In the screening of radiomics features, histogram features and GLCM features accounted for a larger proportion. The possible reason for this was that the histogram and GLCM features were more related to the biological information of the tumor than were other features. In the comparison of histogram features, GLCM features, and GLRLM features, Ryu et al. (40) found that the entropy in GLCM features showed good diagnostic performance in distinguishing high- and low-grade gliomas and grade III and IV gliomas (AUC of 0.83 and 0.94, respectively), which was better than its histogram features and GLRLM features. Meanwhile, Qin et al. (41) found that entropy was significantly related to the glial fibrillary acidic protein (GFAP) expression of glioma cells, which is the specific marker related to the malignant degree of gliomas. It was further reported that as the expression of GFAP decreased, and the degree of tumor malignancy increases (42). This finding indicates that entropy could reflect the degree of tumor malignancy.
Recently, deep learning based on radiomics has become the preferred methodology to substantially improve the performance of existing machine learning algorithms and has shown good applied prospects in tumor diagnosis and prognosis prediction. For example, Park et al. (43) established a fully automated hybrid model for IDH status prediction that was based on two-dimensional (2D) tumor images and radiomic features from 3D tumor shape and loci. Their model achieved accuracies of 78.8–93.8% and an AUC of 0.86–0.96. Bangalore Yogananda et al. (44) developed a highly accurate, MRI-based, deep learning IDH classification network using only T2-weighted MR images. Their network achieved a mean cross-validation testing ACC of 97.4%, representing an important milestone toward clinical translation. Karabacak et al. (45) predicted the diagnostic performance of glioma IDH mutations by combining the Bayes theorem with deep learning.
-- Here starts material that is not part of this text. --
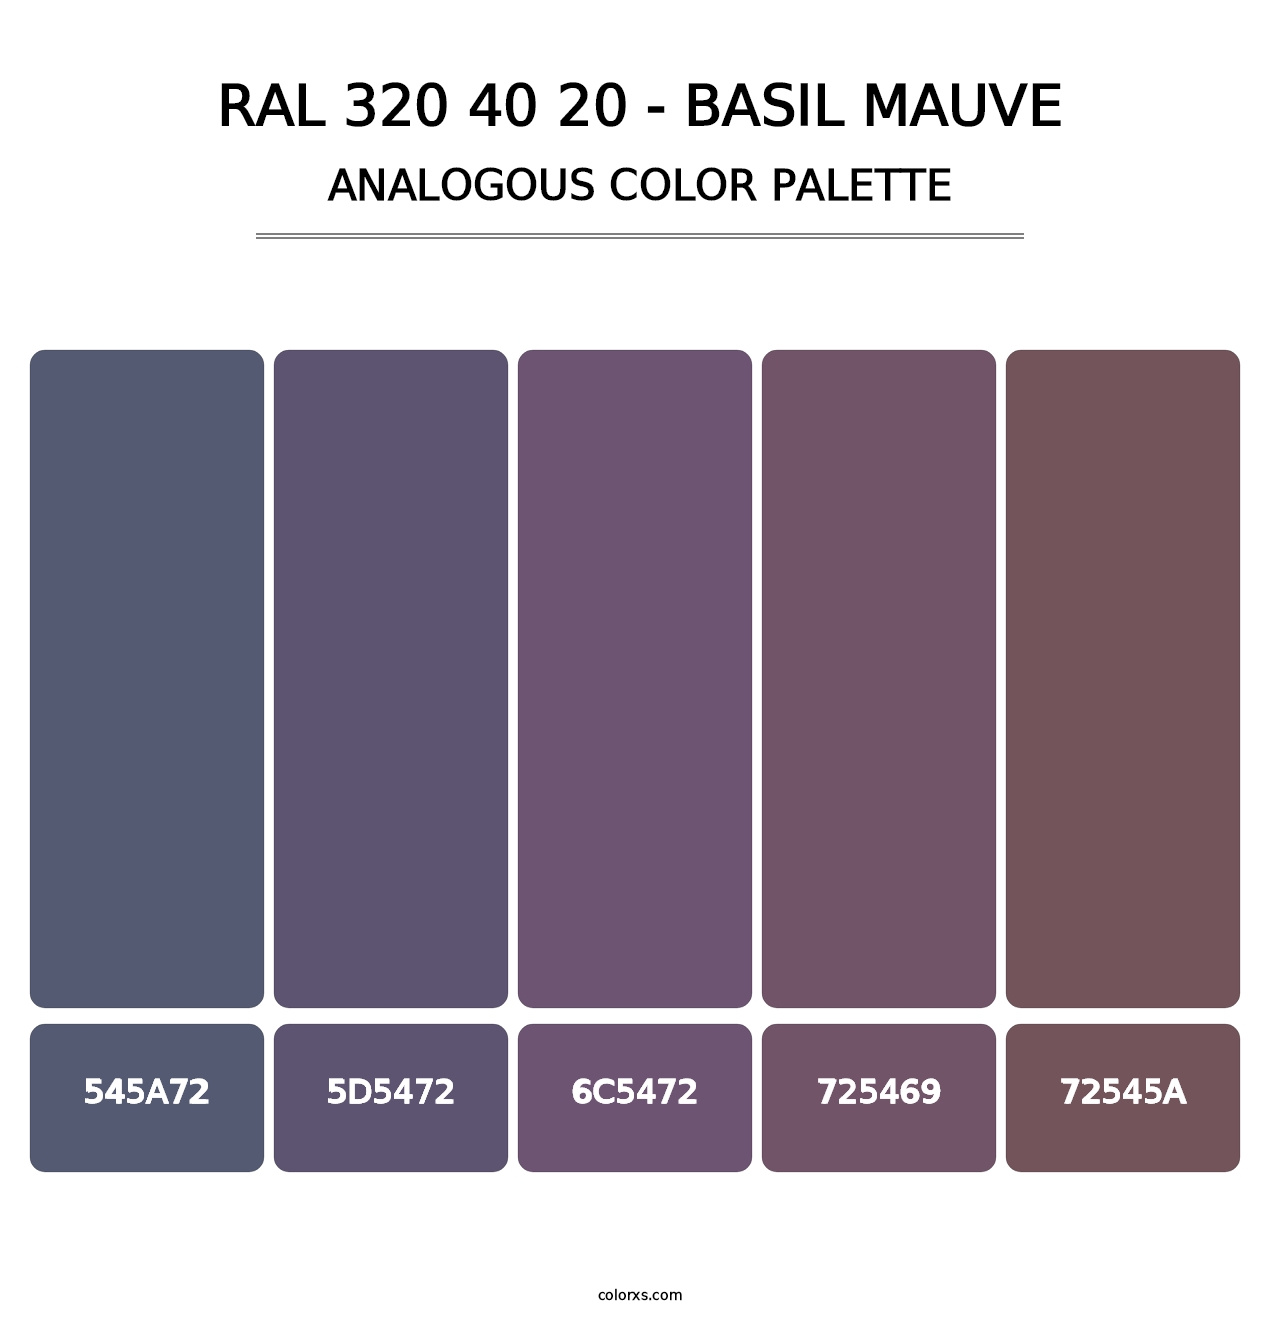 RAL 320 40 20 - Basil Mauve - Analogous Color Palette

With a known pretest probability of 80.2%, the Bayes theorem yielded a posttest probability of 97.6% and 96.0% for a positive test and 27.0% and 30.6% for a negative test for the training sets and validation sets, respectively. Although deep learning based on radiomics has shown excellent performance for predicting IDH status, deep learning requires more training samples compared to conventional machine learning approaches. This issue is a challenge for practical use.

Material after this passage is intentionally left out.